TASK PROMPT: Repeat exactly the lines of the material below that run from the "HCPL Comic-Con 2019 logo" line to the "Manchester United Vintage" line, including both, and do not carry over any pictures.

╭─ AVAILABLE DATA

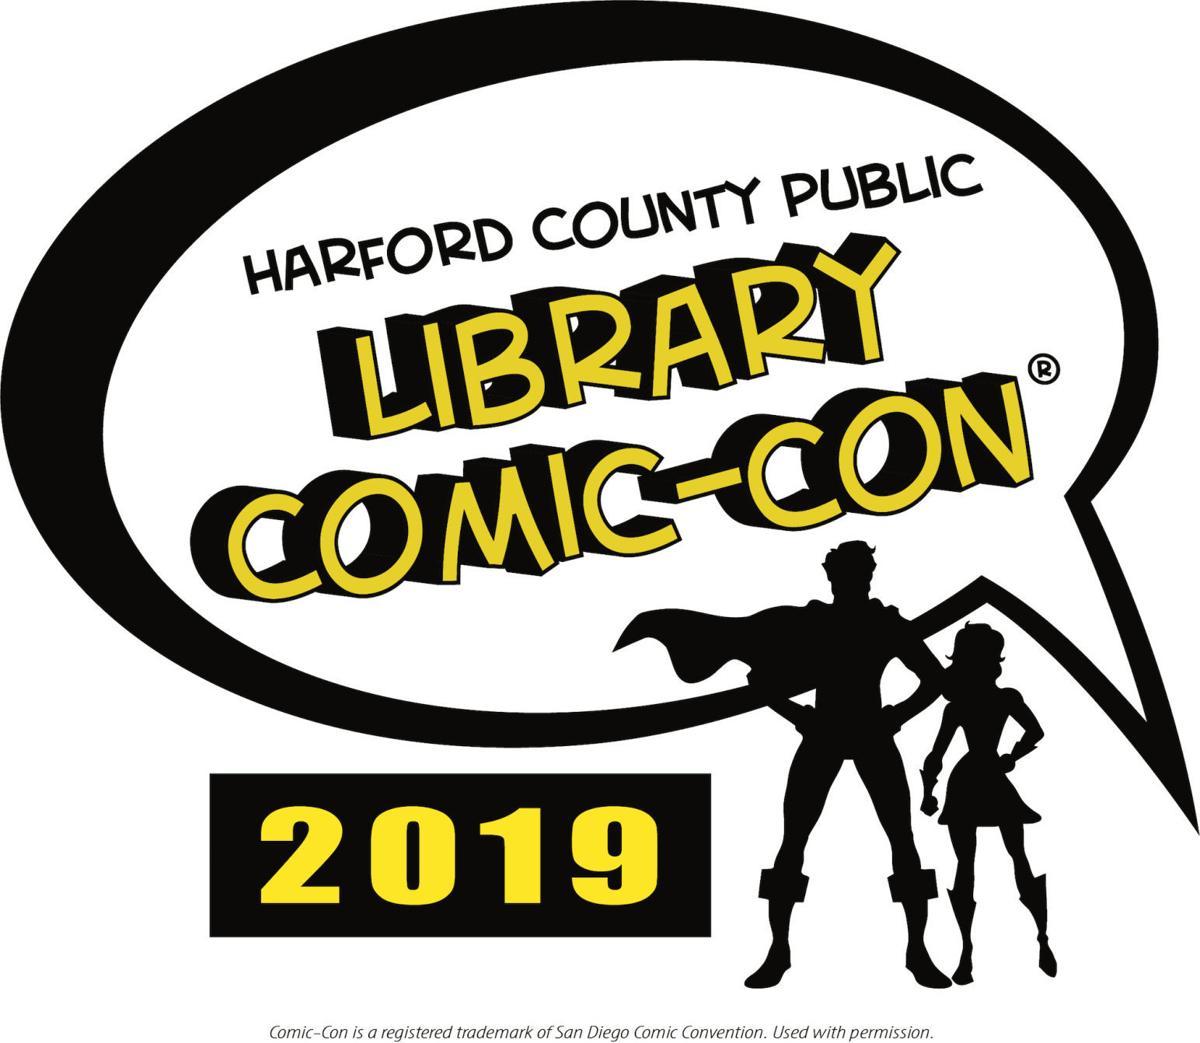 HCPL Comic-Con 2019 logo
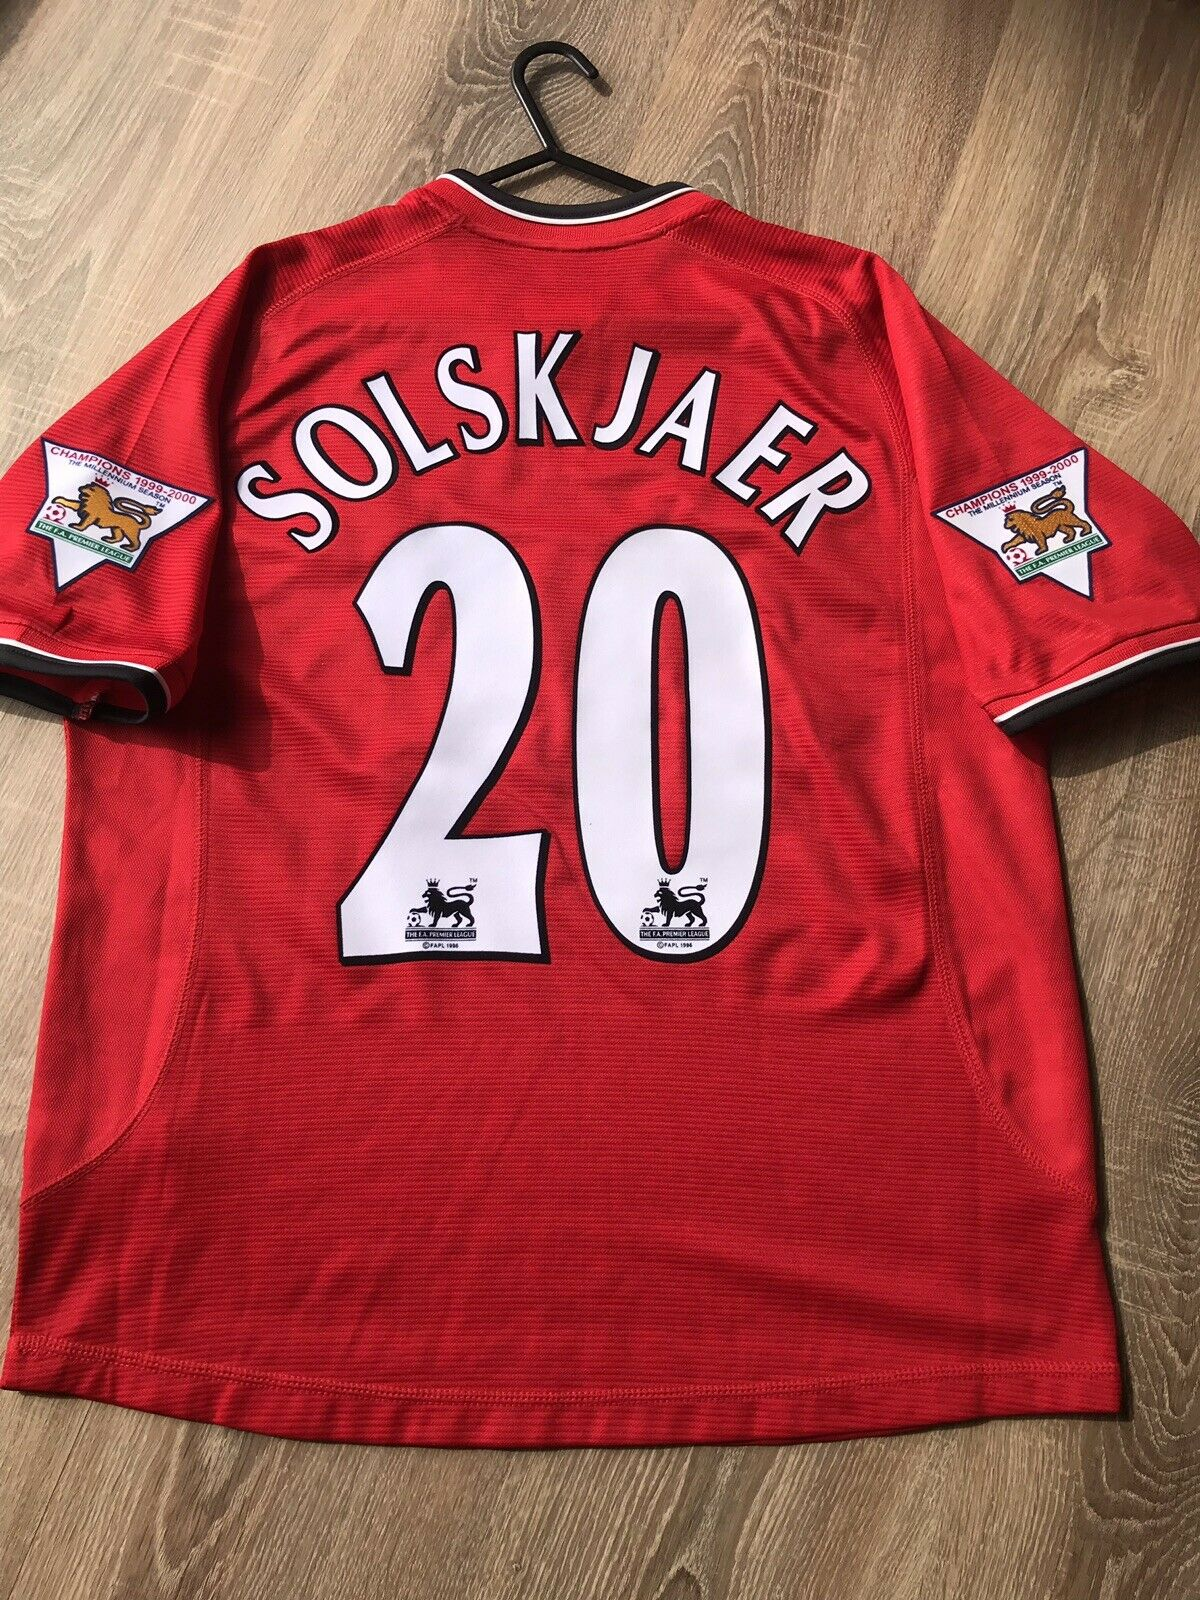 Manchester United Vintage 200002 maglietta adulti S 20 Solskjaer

╰─
╭─ AVAILABLE DATA

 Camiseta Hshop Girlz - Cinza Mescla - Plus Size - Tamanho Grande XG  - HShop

╰─

FINISHED TASK:
 HCPL Comic-Con 2019 logo
 Manchester United Vintage 200002 maglietta adulti S 20 Solskjaer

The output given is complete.